Read & React: Shotgun Shell Found on Plane Delays Flight
December 05, 2012
According to Reuters, a passenger aboard a Delta flight preparing to take off from Milwaukee's General Mitchell International Airport found a shotgun shell in the pocket of the seat in front of him at about 6:47 a.m. Nov. 28. As a result, all passengers had to exit the plane and go through a second security check, according to a sheriff's official.
A sheriff's canine was used in an attempt to locate additional contraband, but none was found.
The flight was delayed for about an hour as Transportation Security Administration (TSA) personnel rescreened all passengers. The flight was then cleared for Detroit, its original destination.
The passenger who found the shotgun shell was questioned and released when investigators found nothing suspicious about him, said Fran McLaughlin, a spokeswoman for the Milwaukee County Sheriff's Office.
It was not determined how the shotgun shell ended up on the plane, so the question obviously remains, how could this happen?
The fact that a shotgun shell made its way aboard a commercial airline flight may seem shocking, but when you consider the sheer volume of passengers and their carry-on items, the fact that a prohibited item passes through security on occasion should really come as no surprise. All it would take is a momentary loss of concentration by a TSA screener to miss something like a shotgun shell.
While it's possible that the passenger who brought the shotgun shell onto the plane had evil intent, it could've just as easily been overlooked by both the passenger and TSA personnel, and ended up on the plane by accident. Perhaps a passenger who unknowingly possessed the shell removed it from his carry-on and placed it in the seat pocket in front of him to avoid possible repercussions.
So what can you do to increase your safety aboard a plane?
Fortunately in this case, there was no shotgun on board from which the shell could be fired. Had there been a firearm and ammunition aboard the plane and a passenger willing to kill for his cause, nothing short of a well-trained and perfectly timed response, or an intervention by multiple passengers, would've likely prevented a tragedy reminiscent of that of Sept. 11.
While the chances of encountering a subject armed with a firearm on a plane are miniscule, a passenger having a violent psychotic episode or an argument between passengers that escalates into a physical altercation is a far less remote possibility.
If the behavior of another passenger presents a danger to you or someone you choose to protect, certain everyday items can be employed to give you the upper hand.
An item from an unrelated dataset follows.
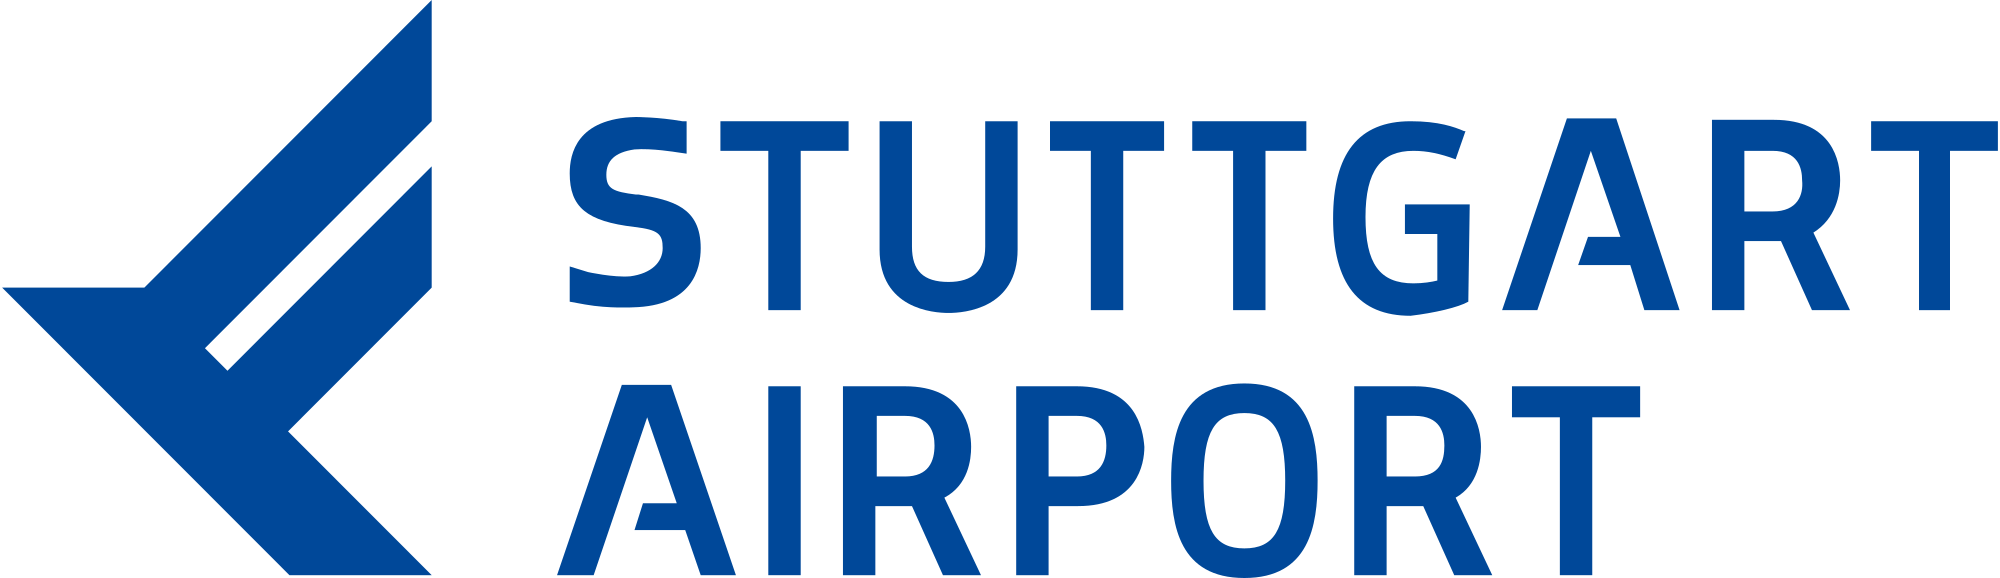 Sân bay Suttgart Airport

An ink pen can be used to stab in a situation where the use of deadly force is justified. A laptop, briefcase or carry-on bag could be used to block an incoming punch or shield yourself from someone trying to stab you with a makeshift weapon. A small, rugged flashlight can also be used for defensive purposes, as well as illumination.
What tips can you think of to increase your personal safety or the safety of your loved ones when flying?